Extracted records

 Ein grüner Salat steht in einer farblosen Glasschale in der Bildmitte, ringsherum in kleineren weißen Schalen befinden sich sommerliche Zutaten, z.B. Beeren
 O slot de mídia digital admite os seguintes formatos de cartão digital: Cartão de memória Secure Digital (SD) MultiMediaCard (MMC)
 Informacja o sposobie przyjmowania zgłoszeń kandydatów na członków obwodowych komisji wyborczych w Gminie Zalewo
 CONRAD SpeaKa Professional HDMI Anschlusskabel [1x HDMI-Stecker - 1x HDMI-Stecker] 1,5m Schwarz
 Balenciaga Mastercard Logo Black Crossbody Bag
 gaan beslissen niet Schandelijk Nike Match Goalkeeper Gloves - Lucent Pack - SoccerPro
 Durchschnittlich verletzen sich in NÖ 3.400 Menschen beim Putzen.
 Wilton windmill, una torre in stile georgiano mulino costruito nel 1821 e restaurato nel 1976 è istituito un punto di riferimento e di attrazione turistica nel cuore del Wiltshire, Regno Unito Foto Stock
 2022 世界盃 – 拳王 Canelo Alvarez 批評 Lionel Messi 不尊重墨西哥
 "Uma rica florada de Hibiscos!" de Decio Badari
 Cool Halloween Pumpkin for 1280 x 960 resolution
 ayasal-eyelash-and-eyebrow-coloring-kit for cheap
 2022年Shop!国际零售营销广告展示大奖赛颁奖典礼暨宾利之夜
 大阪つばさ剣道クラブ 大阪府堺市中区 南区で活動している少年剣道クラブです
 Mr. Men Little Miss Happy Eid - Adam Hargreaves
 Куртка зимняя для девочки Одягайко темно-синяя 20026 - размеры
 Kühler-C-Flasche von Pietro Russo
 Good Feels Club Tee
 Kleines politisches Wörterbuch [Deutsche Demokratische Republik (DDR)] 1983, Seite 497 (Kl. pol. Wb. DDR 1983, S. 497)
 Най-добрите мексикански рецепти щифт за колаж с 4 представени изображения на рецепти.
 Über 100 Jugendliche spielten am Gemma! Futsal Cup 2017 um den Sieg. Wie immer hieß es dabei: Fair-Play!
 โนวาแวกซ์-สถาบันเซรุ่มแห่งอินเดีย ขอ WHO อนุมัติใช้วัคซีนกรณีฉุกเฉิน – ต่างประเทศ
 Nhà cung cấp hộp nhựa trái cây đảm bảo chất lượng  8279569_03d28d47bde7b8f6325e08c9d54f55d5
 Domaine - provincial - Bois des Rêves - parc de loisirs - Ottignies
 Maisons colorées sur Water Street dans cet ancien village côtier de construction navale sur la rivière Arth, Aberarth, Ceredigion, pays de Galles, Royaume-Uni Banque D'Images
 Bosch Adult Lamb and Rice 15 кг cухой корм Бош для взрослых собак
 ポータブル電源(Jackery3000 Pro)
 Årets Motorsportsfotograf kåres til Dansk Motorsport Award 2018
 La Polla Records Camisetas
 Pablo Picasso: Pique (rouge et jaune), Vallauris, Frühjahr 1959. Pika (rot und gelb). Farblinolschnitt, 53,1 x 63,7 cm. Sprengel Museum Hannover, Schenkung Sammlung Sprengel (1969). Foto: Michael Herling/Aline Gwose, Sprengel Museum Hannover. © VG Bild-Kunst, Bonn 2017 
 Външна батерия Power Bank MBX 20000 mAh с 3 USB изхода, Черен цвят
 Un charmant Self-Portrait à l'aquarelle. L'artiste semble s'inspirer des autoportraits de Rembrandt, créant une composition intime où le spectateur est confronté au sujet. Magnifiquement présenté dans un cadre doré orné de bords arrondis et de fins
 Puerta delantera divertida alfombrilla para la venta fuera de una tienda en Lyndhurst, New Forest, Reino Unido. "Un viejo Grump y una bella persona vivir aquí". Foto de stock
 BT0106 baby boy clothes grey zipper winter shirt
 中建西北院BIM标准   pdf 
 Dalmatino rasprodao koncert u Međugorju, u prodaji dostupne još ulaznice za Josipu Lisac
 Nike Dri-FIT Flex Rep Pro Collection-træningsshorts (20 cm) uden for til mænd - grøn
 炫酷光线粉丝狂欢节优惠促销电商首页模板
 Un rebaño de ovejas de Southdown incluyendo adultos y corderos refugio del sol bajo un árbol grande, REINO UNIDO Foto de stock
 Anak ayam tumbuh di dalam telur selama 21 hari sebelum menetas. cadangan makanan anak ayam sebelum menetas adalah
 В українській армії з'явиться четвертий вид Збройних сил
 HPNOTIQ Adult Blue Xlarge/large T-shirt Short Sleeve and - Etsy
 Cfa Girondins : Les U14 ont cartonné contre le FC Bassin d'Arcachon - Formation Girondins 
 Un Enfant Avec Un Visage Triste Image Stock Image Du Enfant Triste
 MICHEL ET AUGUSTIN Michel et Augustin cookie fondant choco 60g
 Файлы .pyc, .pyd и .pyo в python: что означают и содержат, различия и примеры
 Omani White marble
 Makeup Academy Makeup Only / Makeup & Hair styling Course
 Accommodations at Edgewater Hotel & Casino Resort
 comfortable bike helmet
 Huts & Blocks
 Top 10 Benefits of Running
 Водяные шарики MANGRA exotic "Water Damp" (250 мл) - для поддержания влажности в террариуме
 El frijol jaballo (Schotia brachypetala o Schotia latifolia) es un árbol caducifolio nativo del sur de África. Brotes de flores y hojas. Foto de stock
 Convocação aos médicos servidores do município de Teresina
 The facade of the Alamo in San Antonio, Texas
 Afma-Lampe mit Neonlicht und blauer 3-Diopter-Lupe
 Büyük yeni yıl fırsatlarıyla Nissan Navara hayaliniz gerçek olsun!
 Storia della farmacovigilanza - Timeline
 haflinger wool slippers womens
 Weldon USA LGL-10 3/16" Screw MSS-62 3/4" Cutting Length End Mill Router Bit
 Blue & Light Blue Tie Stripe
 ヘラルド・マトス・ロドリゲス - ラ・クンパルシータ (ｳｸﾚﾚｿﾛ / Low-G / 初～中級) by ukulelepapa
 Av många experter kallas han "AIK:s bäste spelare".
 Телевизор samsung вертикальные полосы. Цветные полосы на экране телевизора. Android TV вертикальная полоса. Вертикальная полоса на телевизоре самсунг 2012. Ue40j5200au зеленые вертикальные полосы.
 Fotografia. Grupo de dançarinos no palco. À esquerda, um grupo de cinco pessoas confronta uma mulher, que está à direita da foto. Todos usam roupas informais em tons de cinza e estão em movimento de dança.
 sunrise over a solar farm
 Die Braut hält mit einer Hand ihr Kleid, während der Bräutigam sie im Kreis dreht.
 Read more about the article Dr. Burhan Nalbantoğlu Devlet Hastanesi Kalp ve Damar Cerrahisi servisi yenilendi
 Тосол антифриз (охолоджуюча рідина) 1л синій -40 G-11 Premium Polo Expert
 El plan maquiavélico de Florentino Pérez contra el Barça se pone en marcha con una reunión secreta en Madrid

:: DESCRIPTION OF THE TASK ::
Your reply is to repeat, unchanged, the lines above running from the one with "Domaine - provincial" up to and including the one with "Un charmant Self-Portrait".

:: THE ANSWER ::
 Domaine - provincial - Bois des Rêves - parc de loisirs - Ottignies
 Maisons colorées sur Water Street dans cet ancien village côtier de construction navale sur la rivière Arth, Aberarth, Ceredigion, pays de Galles, Royaume-Uni Banque D'Images
 Bosch Adult Lamb and Rice 15 кг cухой корм Бош для взрослых собак
 ポータブル電源(Jackery3000 Pro)
 Årets Motorsportsfotograf kåres til Dansk Motorsport Award 2018
 La Polla Records Camisetas
 Pablo Picasso: Pique (rouge et jaune), Vallauris, Frühjahr 1959. Pika (rot und gelb). Farblinolschnitt, 53,1 x 63,7 cm. Sprengel Museum Hannover, Schenkung Sammlung Sprengel (1969). Foto: Michael Herling/Aline Gwose, Sprengel Museum Hannover. © VG Bild-Kunst, Bonn 2017 
 Външна батерия Power Bank MBX 20000 mAh с 3 USB изхода, Черен цвят
 Un charmant Self-Portrait à l'aquarelle. L'artiste semble s'inspirer des autoportraits de Rembrandt, créant une composition intime où le spectateur est confronté au sujet. Magnifiquement présenté dans un cadre doré orné de bords arrondis et de fins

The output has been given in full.